Market Oracle FREE Newsletter

How To Buy Gold For $3 An Ounce

Gold Prices Surge Above Key 200 Day Moving Average $1270 Level

Commodities / Gold and Silver 2017 Apr 12, 2017 - 04:17 PM GMT

By: GoldCore

Commodities

– Gold price breaks above key 200-day moving average
– Gold hits 5-month high on back of investor nervousness
– Safe haven has 10% gains in 2017 after 9% gains in 2016
– Gold options signal more gains as ETF buying increases


– Geopolitical uncertainty over North Korea & Middle East
– Tensions high -World awaits US move & Russia response
– Russia says chemical attack was terrorist “false flag”
– Poor March jobs report shows US economy vulnerable
– French elections still tight and Le Pen still has chance

Gold prices surged another 2% to a five-month high above $1,270 amidst geopolitical uncertainty and weak US economic data.

The break above the 200-day moving average has cleared the way for a run towards $1,300/oz. It means that gold continues to be one of the best performing assets in 2017 with gains of 10.3% year to date building on the 9% gains in 2016.

Gold’s move was a traditional flight to safety following the US’ missile attack on Syria and Trump making aggressive sounds regarding intervention against North Korea including tweets.
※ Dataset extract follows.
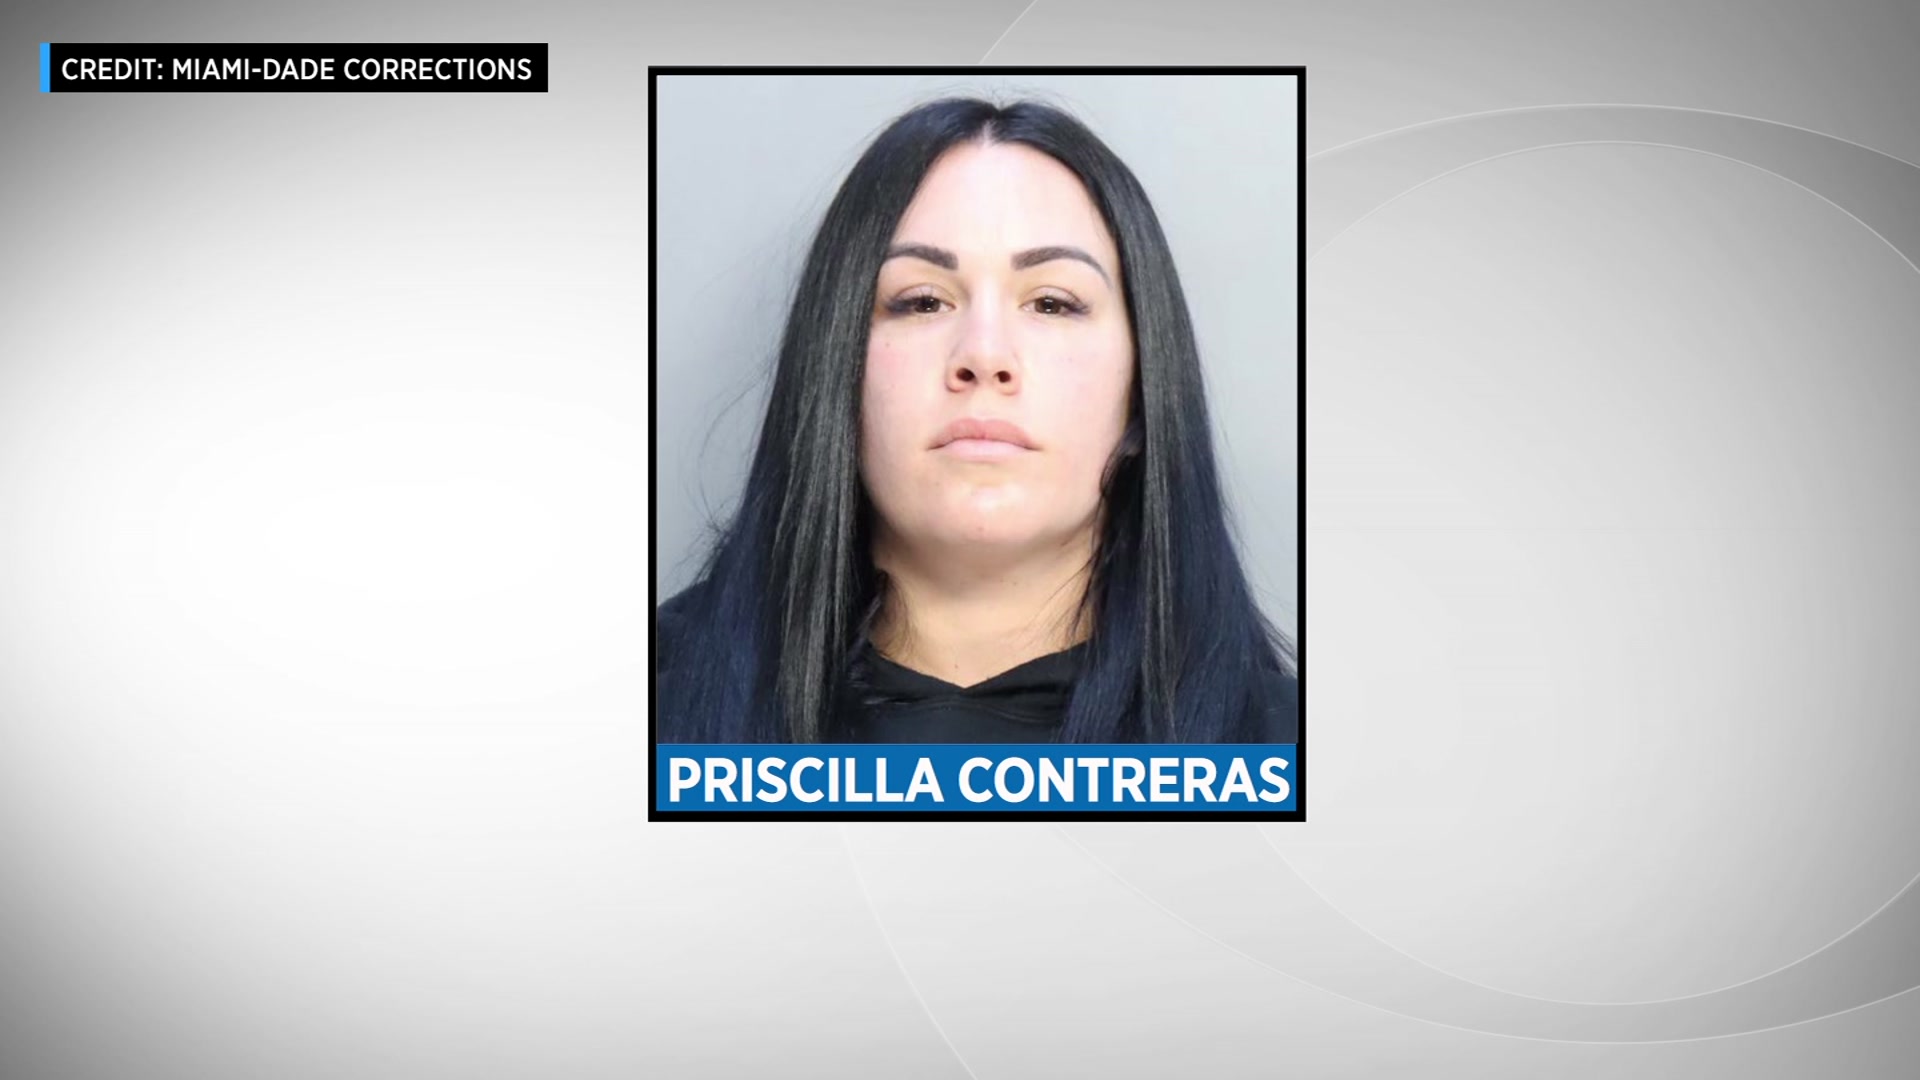 Woman Arrested For Defrauding Dozens In Real Estate Scam, 2 Accomplices On The Loose

The weak jobs report also prompted fears that future Fed interest rate hikes could be delayed or slowed and this has provided further support for the price of gold.

Tensions between Syria, Russia, North Korea and the US underline the serious geo-political risks. There is the real risk of a serious military confrontation. This is creating uncertainty which is an environment that serves gold best.

These risks have led to very bullish activity in the options market with a surge in call option gold buying and gold ETF buying.

As reported by Bloomberg:

Gold options are signaling there’s more room to run for bulls.

Prices and volumes surged Tuesday on calls giving holders the right to buy bullion at higher prices. As of 11:21 a.m. in New York, trading in the most-active option was 10 times Monday’s total, and price swings on options were at the highest in three months. Investors also returned to the biggest exchange-traded fund backed by the metal. 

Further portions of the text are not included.